Han Aaron L-F, Wong Derek F, Chao Lidia S, He Liangye, Lu Yi
Natural Language Processing & Portuguese-Chinese Machine Translation Laboratory, Department of Computer and Information Science, University of Macau, Macau.
ScientificWorldJournal. 2014;2014:760301. doi: 10.1155/2014/760301. Epub 2014 Apr 28.
With the rapid development of machine translation (MT), the MT evaluation becomes very important to timely tell us whether the MT system makes any progress. The conventional MT evaluation methods tend to calculate the similarity between hypothesis translations offered by automatic translation systems and reference translations offered by professional translators. There are several weaknesses in existing evaluation metrics. Firstly, the designed incomprehensive factors result in language-bias problem, which means they perform well on some special language pairs but weak on other language pairs. Secondly, they tend to use no linguistic features or too many linguistic features, of which no usage of linguistic feature draws a lot of criticism from the linguists and too many linguistic features make the model weak in repeatability. Thirdly, the employed reference translations are very expensive and sometimes not available in the practice. In this paper, the authors propose an unsupervised MT evaluation metric using universal part-of-speech tagset without relying on reference translations. The authors also explore the performances of the designed metric on traditional supervised evaluation tasks.

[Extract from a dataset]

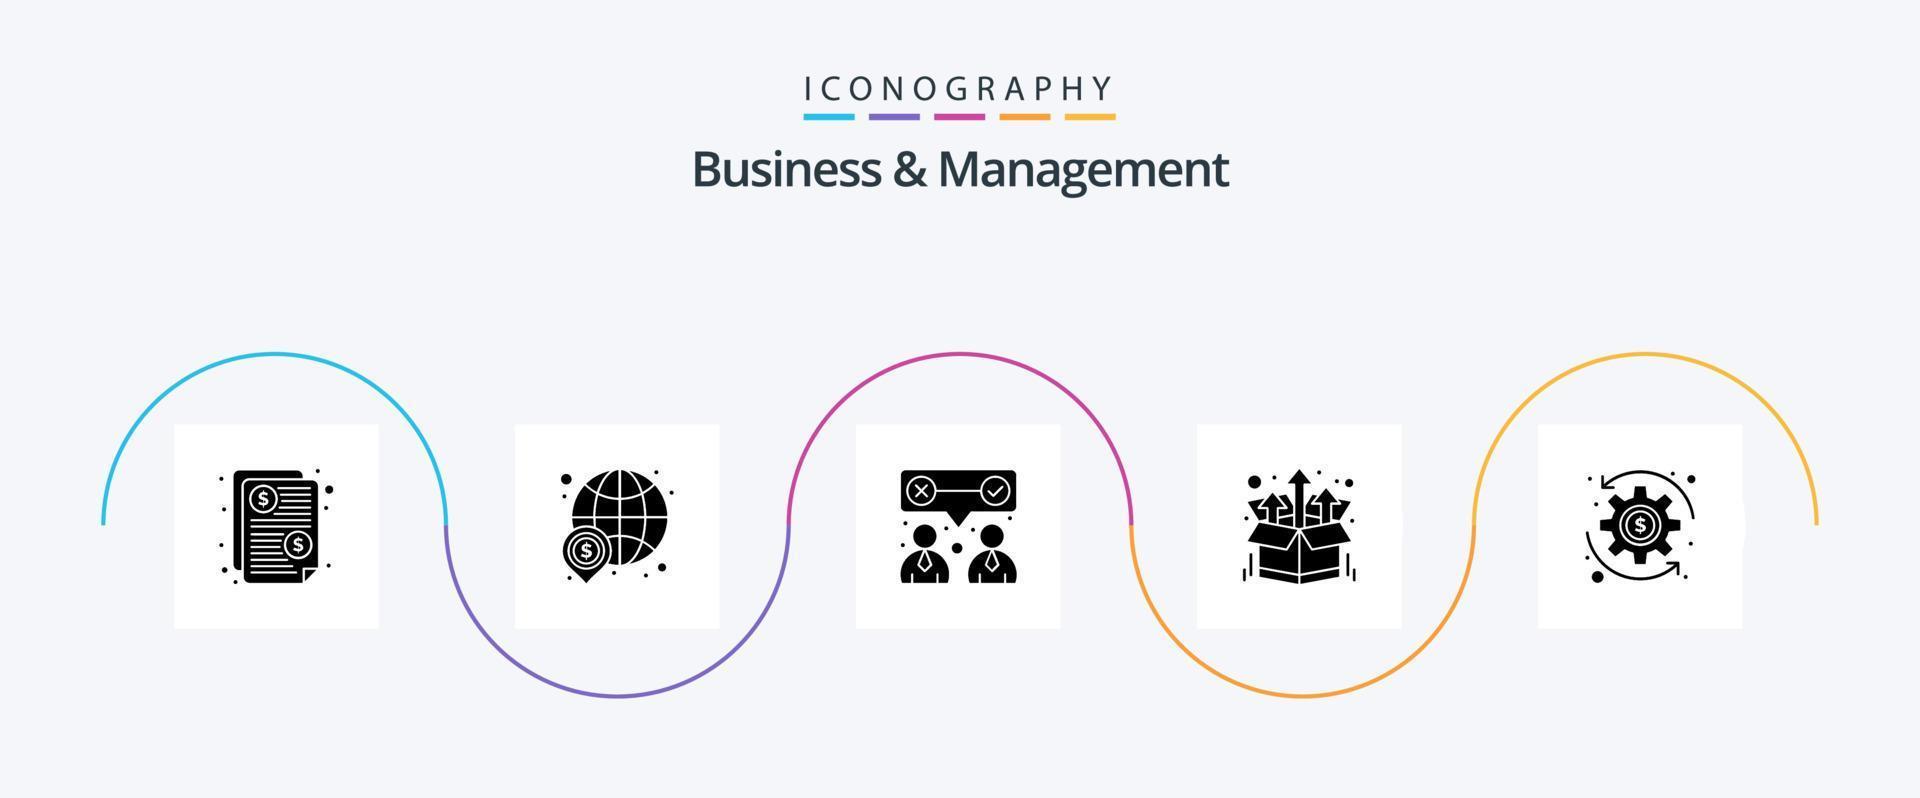 Business And Management Glyph 5 Icon Pack Including coin. product. world. package. team work vector

Both the supervised and unsupervised experiments show that the designed methods yield higher correlation scores with human judgments.
随着机器翻译(MT)的迅速发展,MT评估对于及时告知我们MT系统是否取得进展变得非常重要。传统的MT评估方法倾向于计算自动翻译系统提供的假设译文与专业翻译人员提供的参考译文之间的相似度。现有评估指标存在几个弱点。首先,设计的不全面因素导致语言偏差问题,这意味着它们在某些特定语言对上表现良好,但在其他语言对上表现较弱。其次,它们倾向于不使用语言特征或使用过多语言特征,其中不使用语言特征受到语言学家的诸多批评,而过多语言特征使模型在可重复性方面表现不佳。第三,所采用的参考译文成本非常高,而且在实践中有时无法获得。在本文中,作者提出了一种不依赖参考译文、使用通用词性标注集的无监督MT评估指标。作者还探讨了所设计指标在传统监督评估任务中的性能。监督和无监督实验均表明,所设计的方法与人工判断具有更高的相关性得分。